3.3 A BIBLIOTECONOMIA NO BRASIL

No Brasil, de acordo com Castro (2000) a história da Biblioteconomia teve como marco inicial o ano de 1879, com um concurso para carreira de bibliotecário realizado na antiga “Real Biblioteca”, designação dada por D. João VI. Após o reconhecimento da independência do país, em 1822, essa biblioteca passa a ser denominada “Biblioteca Imperial e Pública” e mais tarde transforma-se na Biblioteca Nacional.

Sob a gestão do Barão Benjamin Franklin Ramiz Galvão (1846-1938) foi realizado, em 1879, o primeiro concurso público para seleção de bibliotecários denominados na época de “Oficiais de Biblioteca”. O historiador Capistrano de Abreu (1853-1927) obteve o primeiro lugar nesse concurso, sendo nomeado para o cargo de diretor da Biblioteca Nacional. (CASTRO, 2000, p.44- 49).

Esse concurso foi considerado, segundo Dias (1955 ) o primeiro passo para a formação profissional do bibliotecário no Brasil. Contudo, a formação acadêmica e profissional na área surgiu somente nas primeiras décadas do século XX, ocorrendo em espaços determinados.

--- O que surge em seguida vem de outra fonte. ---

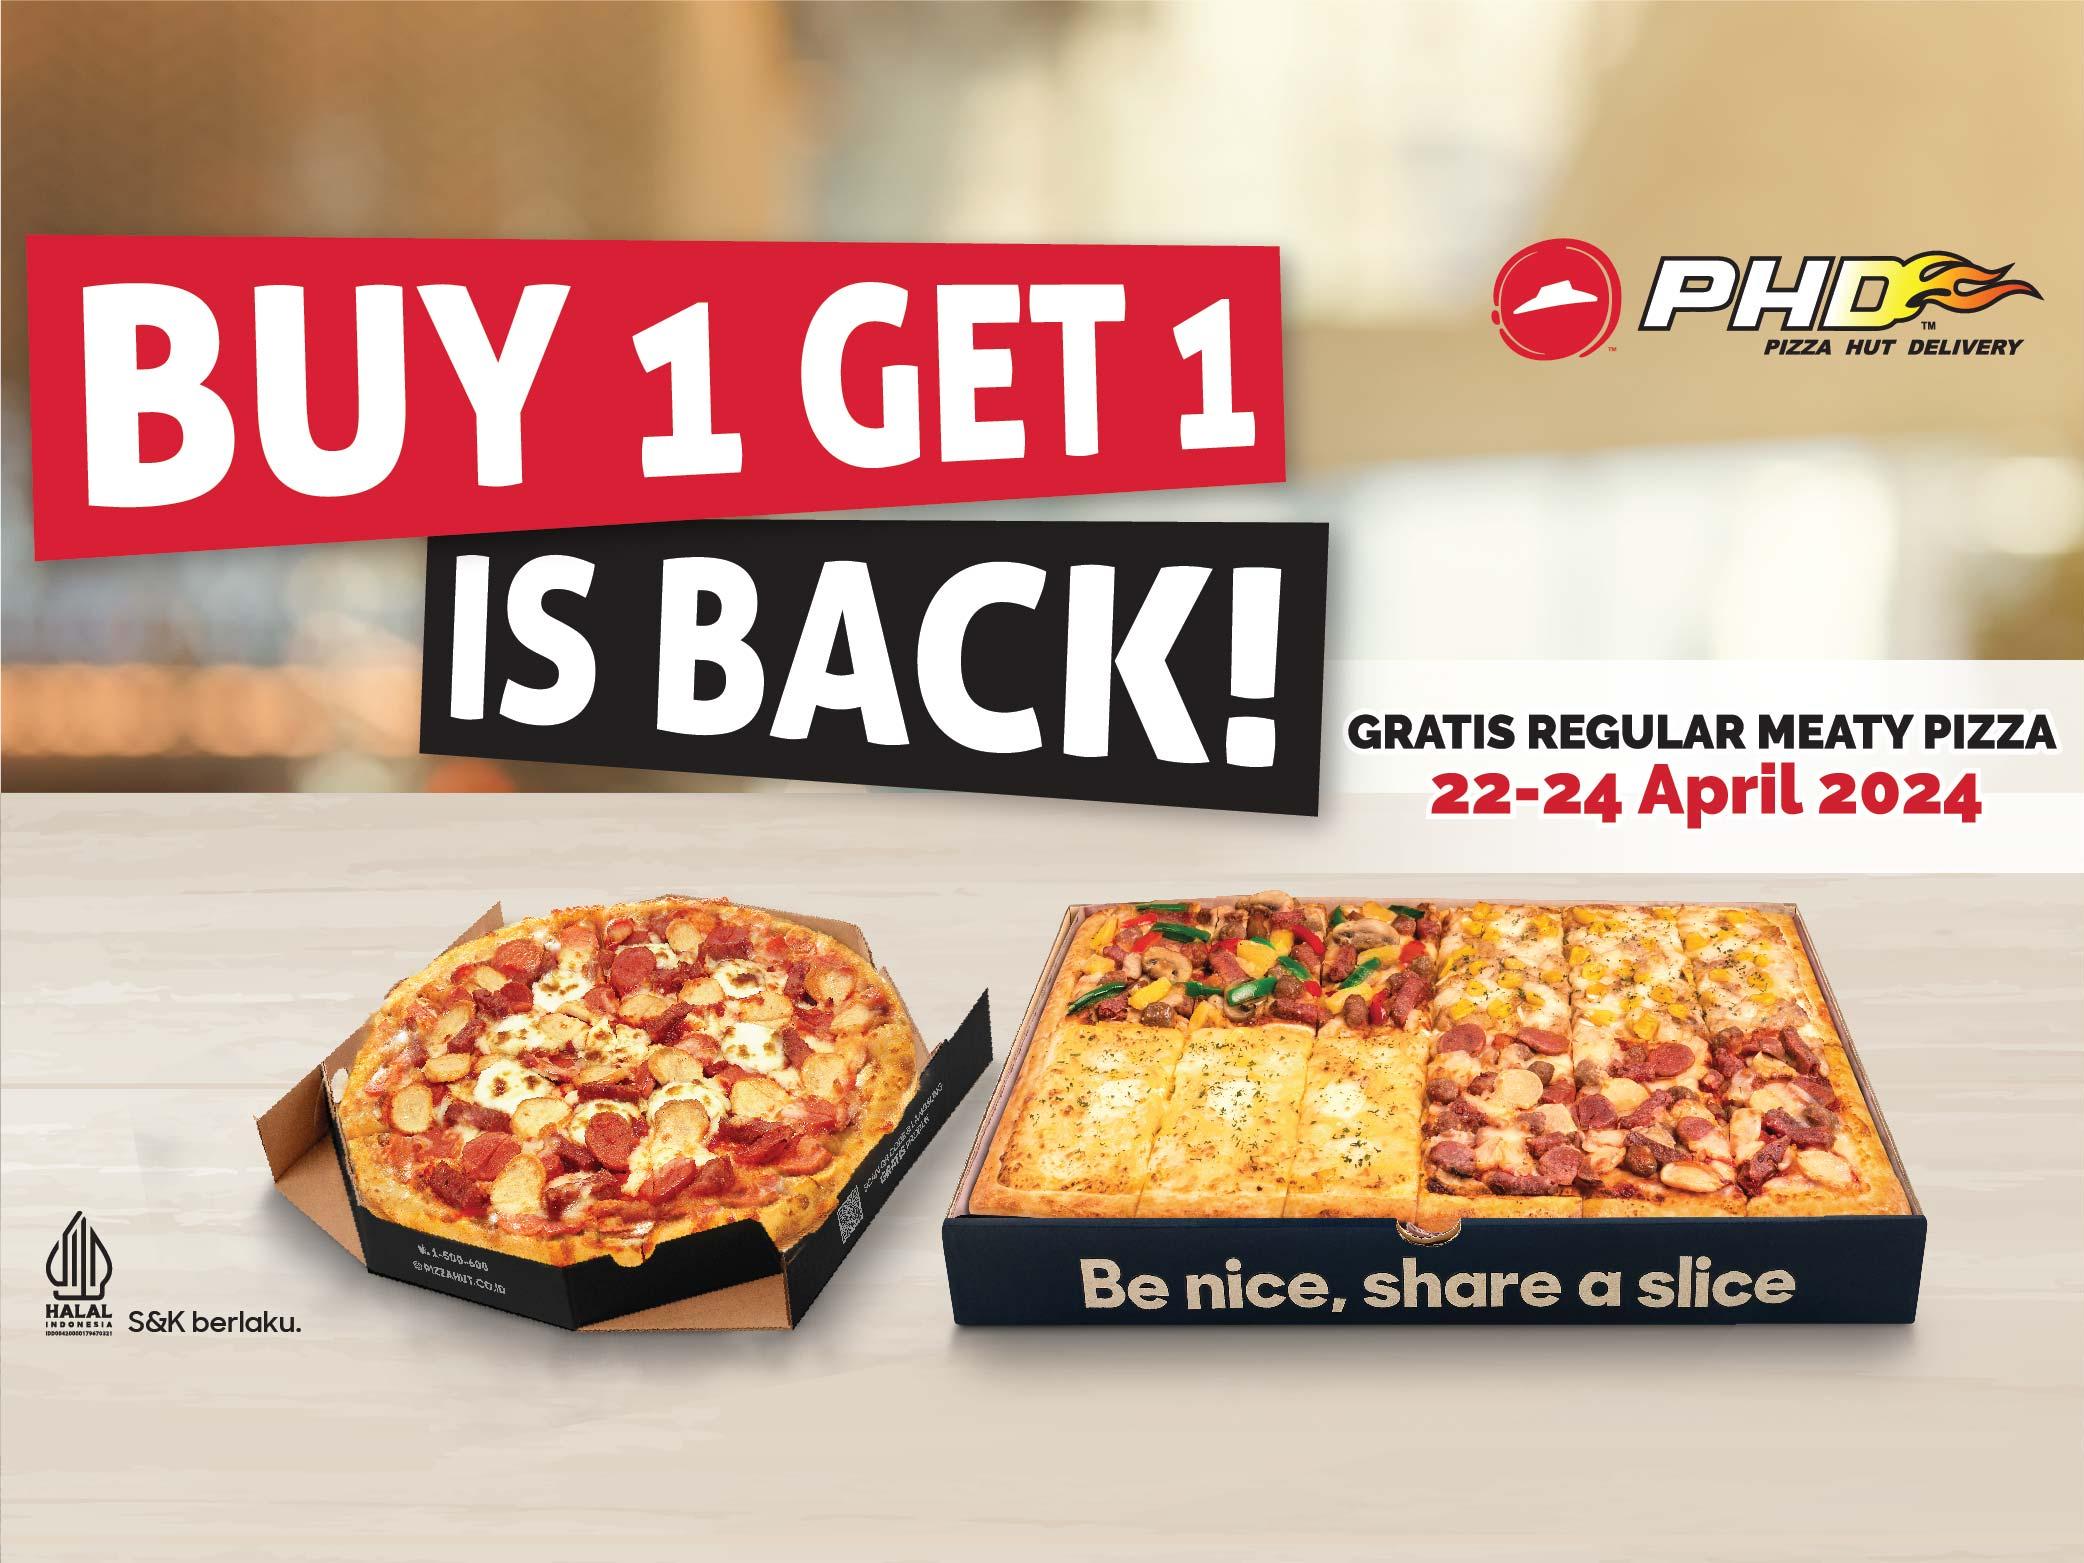 Pizza Hut Delivery - PHD, Otto Iskandardinata Subang

Na gestão de Manuel Cícero Peregrino da Silva (1866-1956) foi publicado o Decreto n. 8.835, de 11 de junho de 1911 contendo o novo Regulamento da Biblioteca Nacional e a criação do primeiro curso de Biblioteconomia no Brasil, primeiro também da América do Sul, mas que somente passou a ser ministrado em 1915, na própria Biblioteca Nacional. Até 1923, o curso foi interrompido devido a diversos entraves administrativos e de várias alterações regulamentares que se seguiam ora por falta de professores, ora por fatores financeiros. Com a publicação do Decreto n. 20.673/31, o curso voltou a ser ministrado na Biblioteca Nacional (CASTRO, 2000).

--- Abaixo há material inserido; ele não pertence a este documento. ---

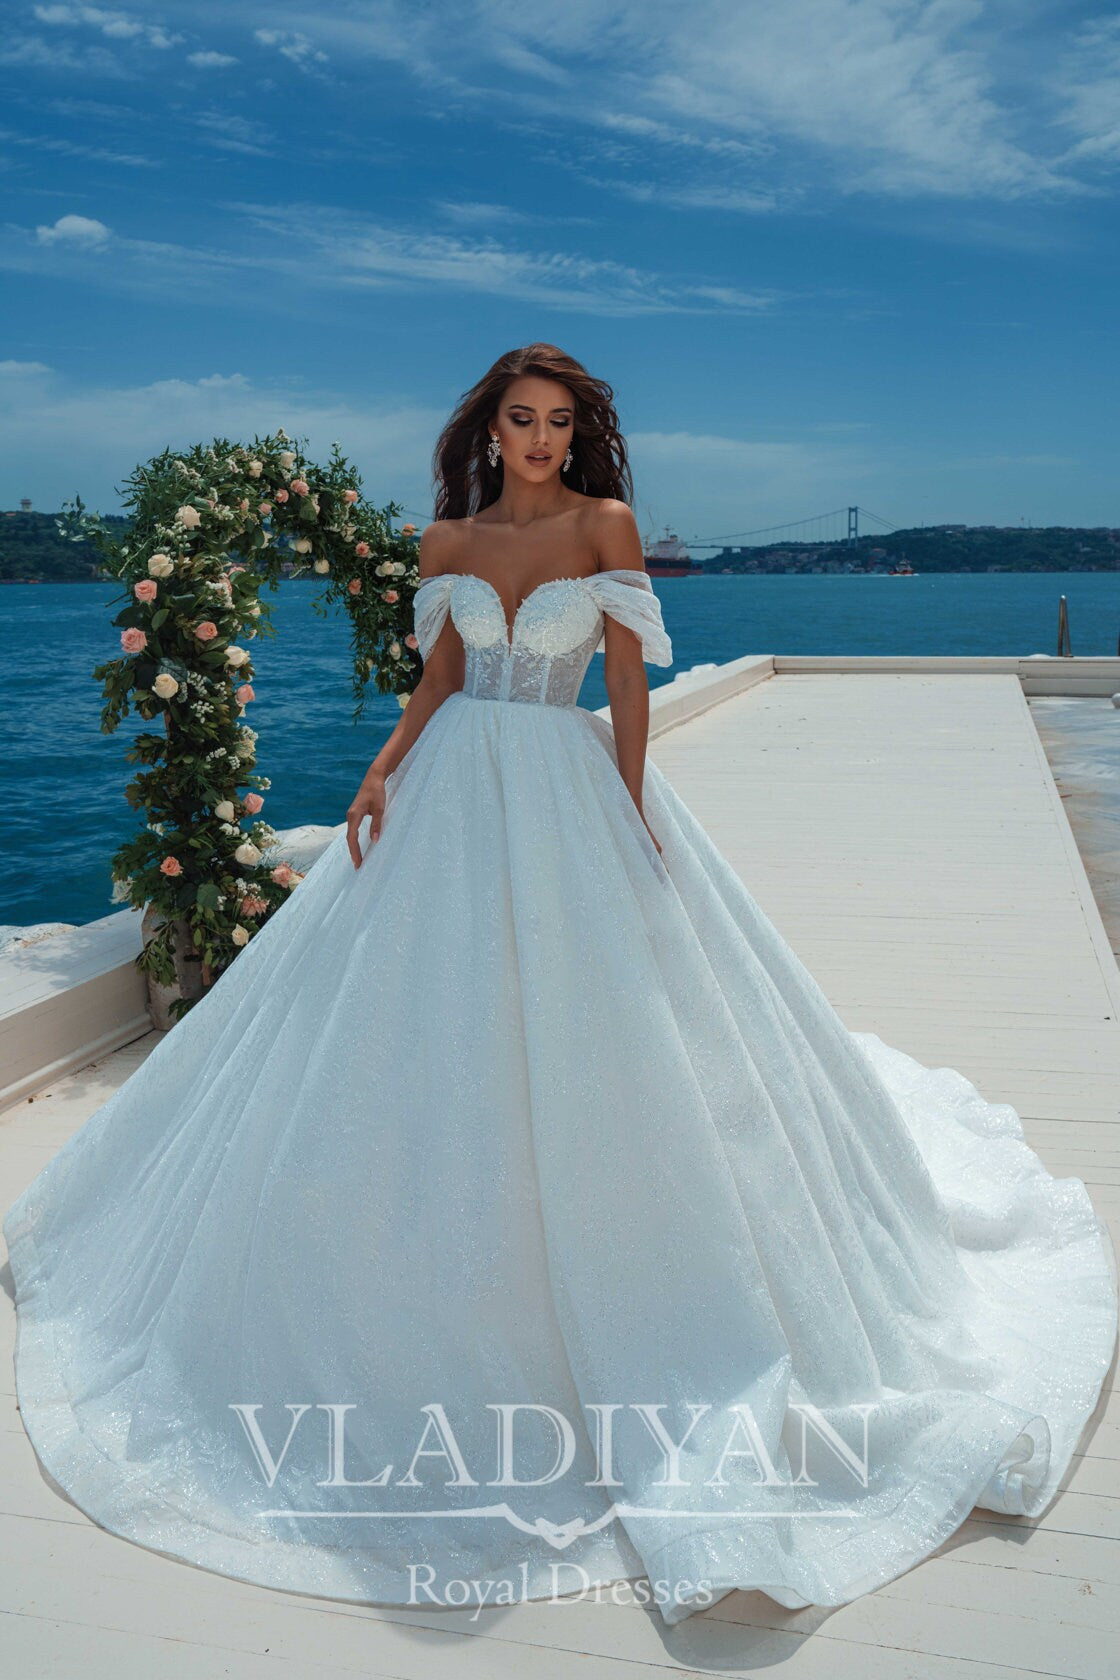 Luxury Princess Queen Off the Shoulder Busiter Corset Top Wedding Dress Bridal Gown Open Back Bare Shoulder Sparkle

A Biblioteca Nacional teve incidência direta na formação do campo da Biblioteconomia no Brasil e por isso é considerada a “gênese do movimento fundador do campo de ensino da Biblioteconomia no Brasil” (CASTRO, 2000, p. 43). O curso ministrado pela Biblioteca Nacional era calcado no modelo da Ècole National de Chartes, da França de concepção humanística e conteúdo enciclopedista. O perfil do profissional formado sob a ascendência dessa Escola era de uma pessoa ligada à cultura e as artes, aspecto esse que norteou por muito tempo o perfil do bibliotecário brasileiro.

Enquanto no Rio de Janeiro o campo da Biblioteconomia se constituiu ligado a Biblioteca Nacional, em São Paulo surgiu vinculado à biblioteca escolar George Alexandre, do Colégio Mackenzie. Esse Colégio seguia a moderna pedagogia americana e foi responsável por introduzir o modelo pragmático de ensino de Biblioteconomia e de organização de bibliotecas no Brasil. O Colégio Mackenzie notabilizou-se por incorporar ao ensino paulista idéias revolucionárias – enquanto nas demais escolas o ensino adotado era o da memorização, no Colégio Mackenzie era o ensino centrado na compreensão. (CASTRO, 2000).

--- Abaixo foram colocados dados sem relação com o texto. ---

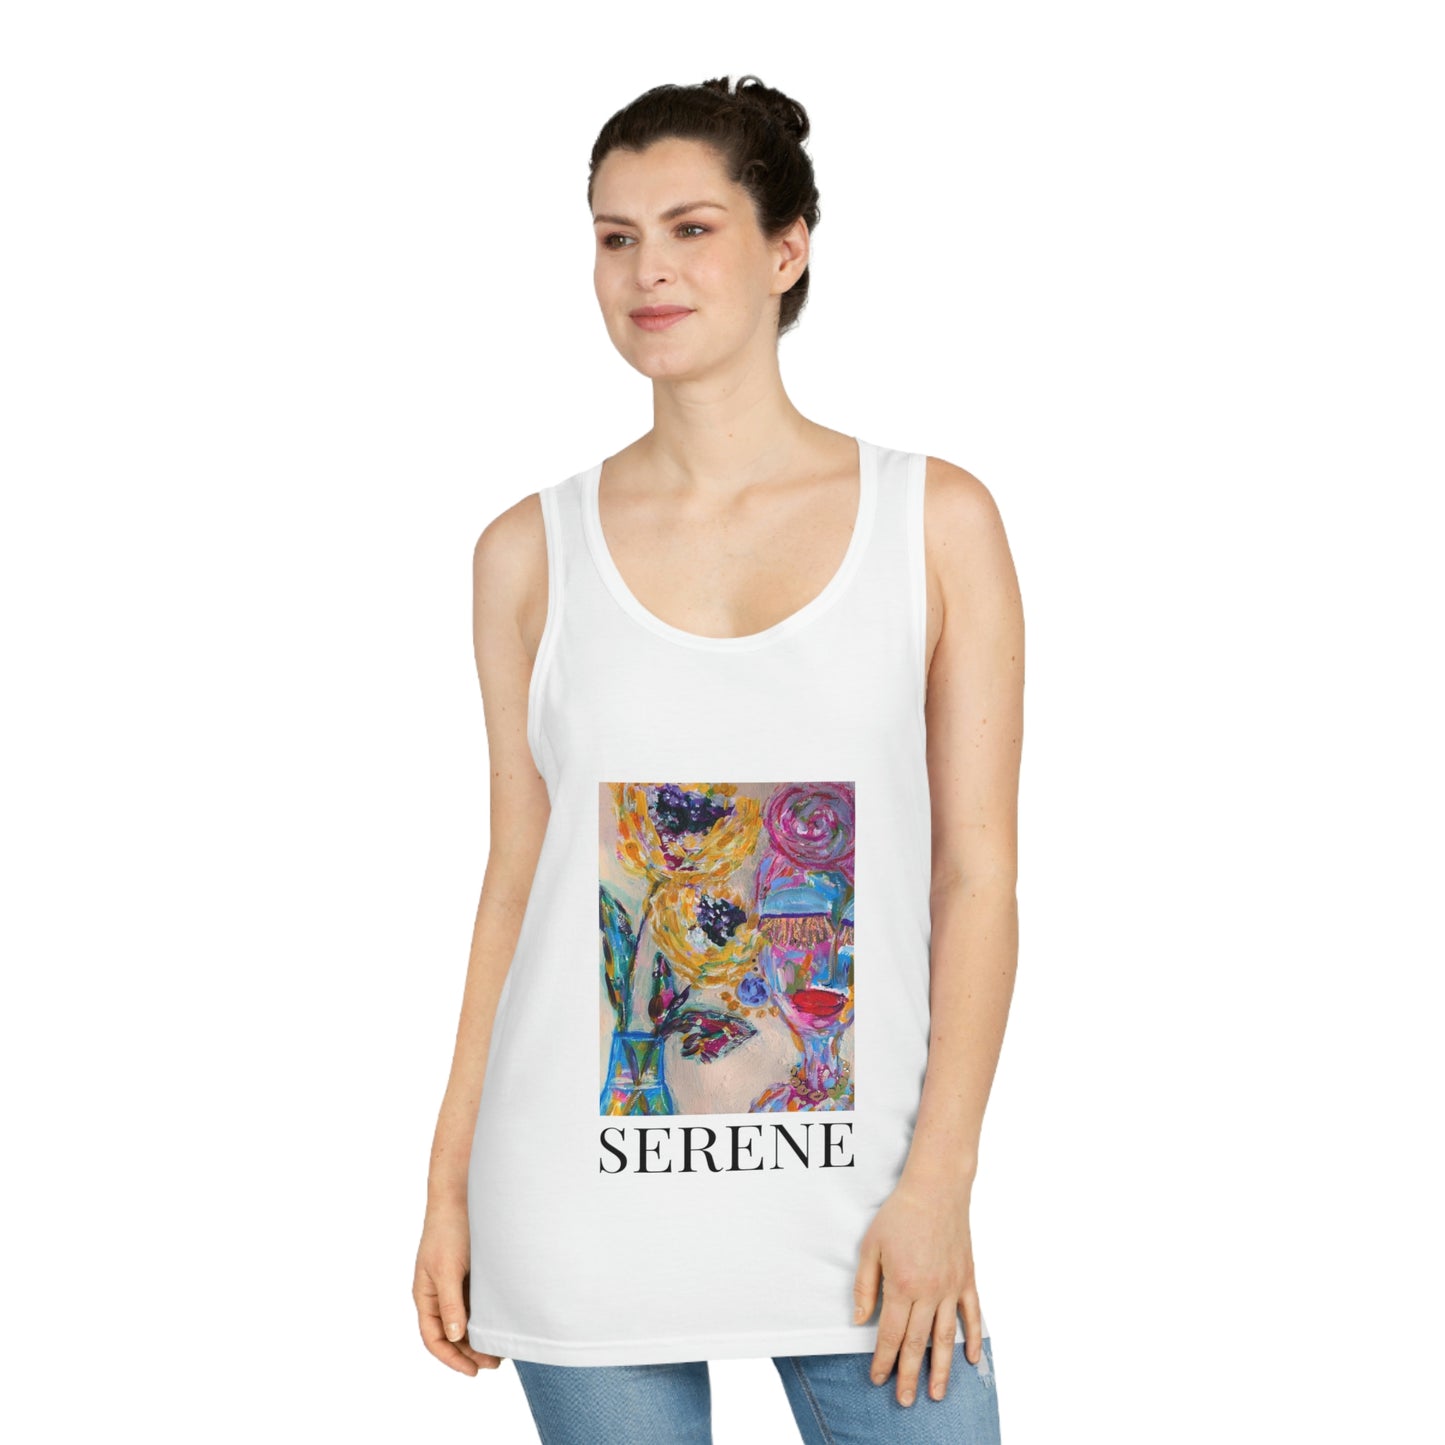 "Serene" GIRL TALK ART Unisex Softstyle Tank Top

O curso do Colégio Mackenzie encerra suas atividades quando Rubens Borba de Moraes cria, em 1936, o segundo curso brasileiro de Biblioteconomia que funcionou junto ao Departamento de Cultura da Cidade de São Paulo e depois na Escola de Sociologia e Política da mesma cidade. Esse curso tinha uma orientação estritamente técnica, seguindo os moldes da escola americana, particularmente da Columbia University. A Escola de Chicago, considerada o centro intelectual da Biblioteconomia dos Estados Unidos entre os anos 30 e 60, também influenciou a concepção do curso. A concepção da escola americana era a de que “os alunos ao entrarem em uma escola de Biblioteconomia traziam conhecimentos culturais suficientes, cabendo a estas fornecer-lhes as técnicas” (CASTRO, 2000, p. 101).

Com a adoção da concepção da escola americana pelos cursos de São Paulo, inicia-se no Brasil o desenvolvimento das modernas técnicas biblioteconômicas.

No ano de 1937, foi criado o Instituto Nacional do Livro (INL) que, entre outras atribuições, teve a incumbência de editar publicações em diversos ramos do conhecimento, de incentivar a criação de bibliotecas em diversos estados brasileiros e de apoiar os cursos de Biblioteconomia. Em 1944 a Biblioteca Nacional reformulou o seu curso, dando mais ênfase à preparação de cunho técnico. Foi nessa época que o modelo americano se estabeleceu no ensino da Biblioteconomia no país, vigorando até hoje (CASTRO, 2000).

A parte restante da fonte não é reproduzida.